A Historic Affordable-Housing Project in Miami Gets a Face-Lift
Built in the 1930s and opened in 1937, Liberty Square is being rebuilt as a mixed-income development that incorporates low-income housing, affordable housing and market-rate units.
A partnership between Miami-Dade County and the affordable-housing arm of Related Group is planning to spend $500 million to develop more than 1,900 housing units on nine city blocks. About one-third of the project has been finished and occupied. Completion is expected by 2026.
Liberty Square has attracted attention from housing agencies and advocates from other parts of the U.S. because of its success at redeveloping housing projects built over a half-century ago for people with low incomes. Other cities like Chicago and St. Louis were forced to demolish such projects targeted at people with low incomes because they became failed experiments.
The inclusion of market-rate housing to help subsidize low- and moderate-income housing was critical to making the economics of the project work, people working on the development say.

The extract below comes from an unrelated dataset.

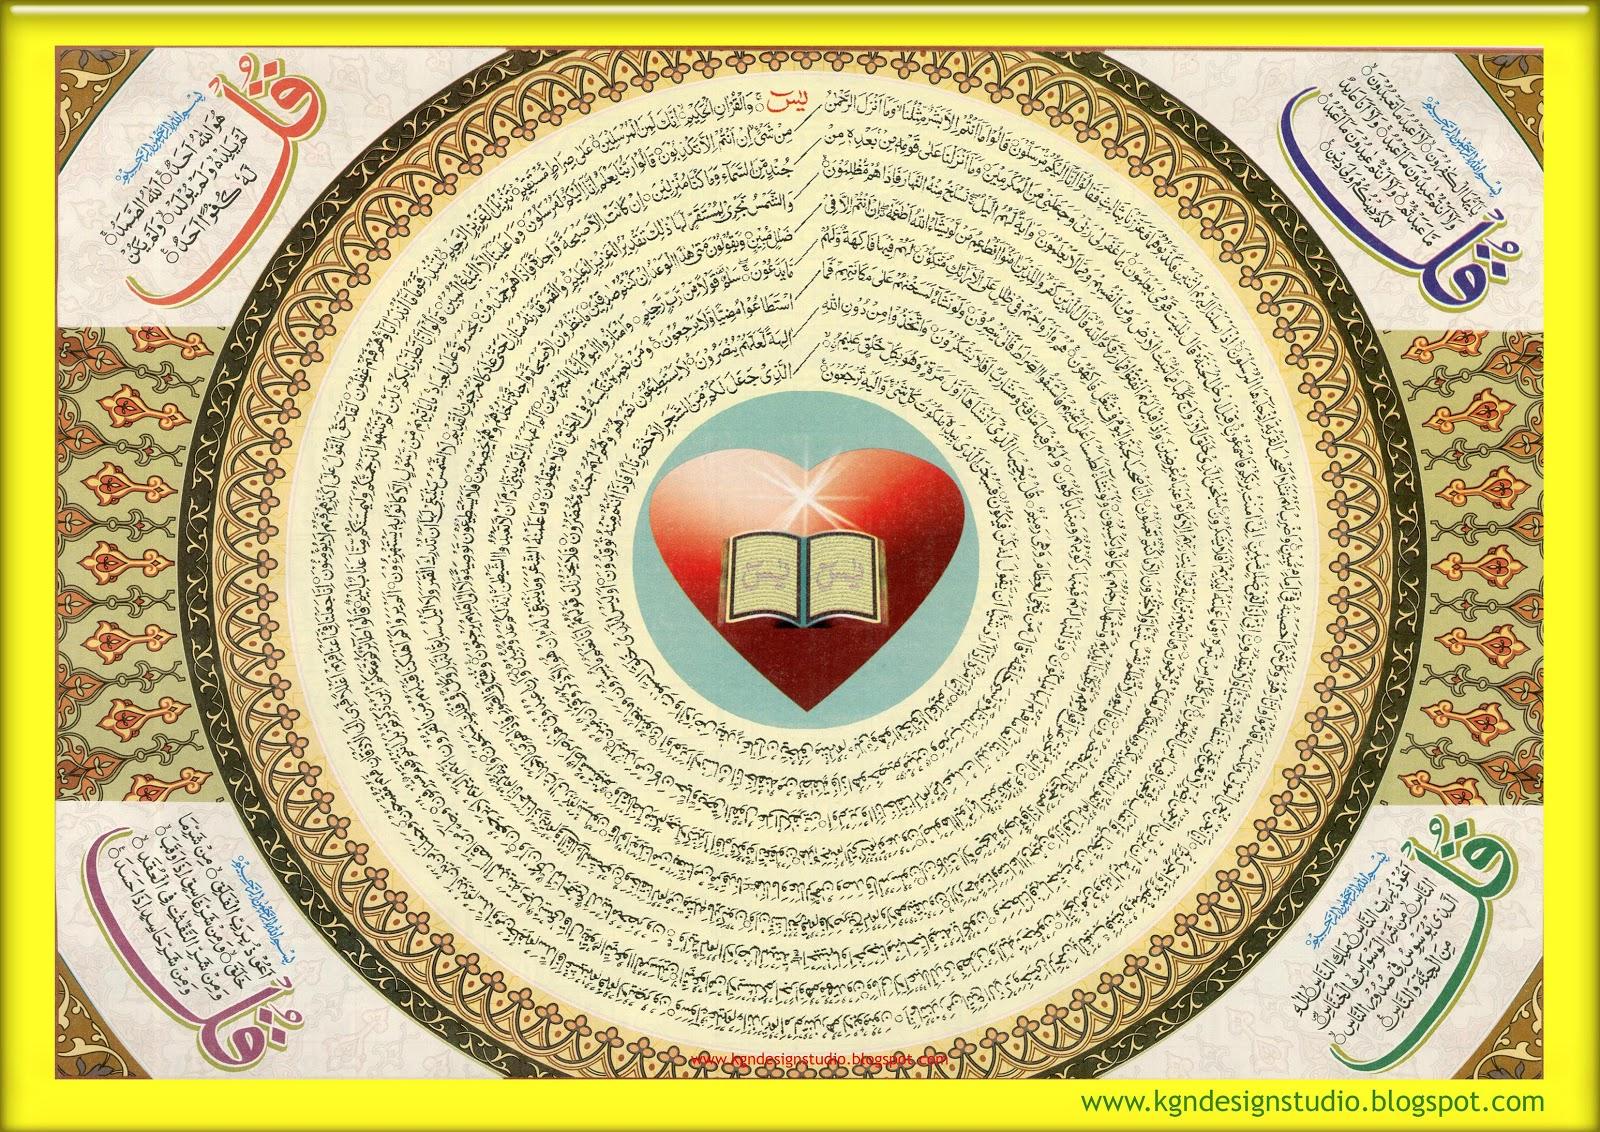 http://4.bp.blogspot.com/-ZGbRtwPLD-A/UObjca57UqI/AAAAAAAACS4/50x3csJkCzk/s1600/Eid-e-Milad-Wallpaper-18.jpg

“The fact that you do have higher-income folks that can pay more than the lower-income folks are paying will help to provide long-term sustainability,” said Michael Liu, director of the Miami-Dade Department of Public Housing and Community Development.
Other cities also have been reaching out to the private sector to preserve housing projects and to combine low-income, affordable and market-rate housing in new developments. Seattle, for example, transformed High Point—which was developed during World War II and had been predominantly a low-income development through the 1990s—into a mixed-income development that includes green spaces, affordable housing, market-rate units and townhomes for sale.
The New York City Housing Authority, which has struggled to maintain over 177,000 apartments within 335 public-housing developments, has cut deals with private developers to take over management of some of its properties. Under the terms of those deals, the developers are renovating and repairing thousands of units.
Many of these programs have been controversial. Some housing advocates have been wary of turning over public-housing projects to the private sector for fear that precious real estate that had been targeted for low-income people might be lost.
Some developers have questioned whether people paying market rents would want to live near low-income housing. “It’s an idea that’s not universal, and in some communities it takes an effort to educate, and to prove by doing that it can work,” Mr. Liu said.
Miami’s affordable-housing crisis is one of the most acute in the U.S., partly because people from other parts of the country have flooded into Miami since the pandemic, driving up rental costs. The city has more “cost-burdened renters” than any other major metropolitan area, with 60% of its population spending 30% or more of household income on housing, according to a report released this year by the Joint Center for Housing Studies at Harvard University.
In June, U.S. Secretary for Housing and Urban Development Marcia Fudge toured the Liberty Square project, calling for more affordable-housing projects across the U.S. and naming Miami “the epicenter of the housing crisis in this country.”
Liberty Square was one of the first public-housing projects in the country built during the New Deal. But like many other projects built at the time, it began to deteriorate in the 1960s. It was the site of riots in the 1980s and, until recently, had been riddled with gun violence.
The city and Related broke ground on the redevelopment project in 2017 after working closely with the community to get support for the plan. To avoid displacing any of its 400 or so residents, construction crews demolished the buildings block by block as they replaced them with the new structures, instead of all at once.
“I think this is going to set a national standard for how you redevelop large-scale public housing,” said Albert Milo, the president of Related Urban Development Group.
Once finished, the project is expected to include a grocery store, educational facilities and 47,000 square feet of retail space. Each of the three completed blocks includes a children’s playground in the center. The developers secure financing at the start of each phase.
As part of the developers’ deal with the county, at least 20% of all the new hires of their construction project must either be public-housing residents or low-income-housing residents of Miami-Dade County.
Mr. Milo said that these investments are integral to creating a community that is going to be viable long term. “If you build the housing and you don’t have all of these other services and amenities, you’ll probably have challenges and revert back to what you just tore down,” he said.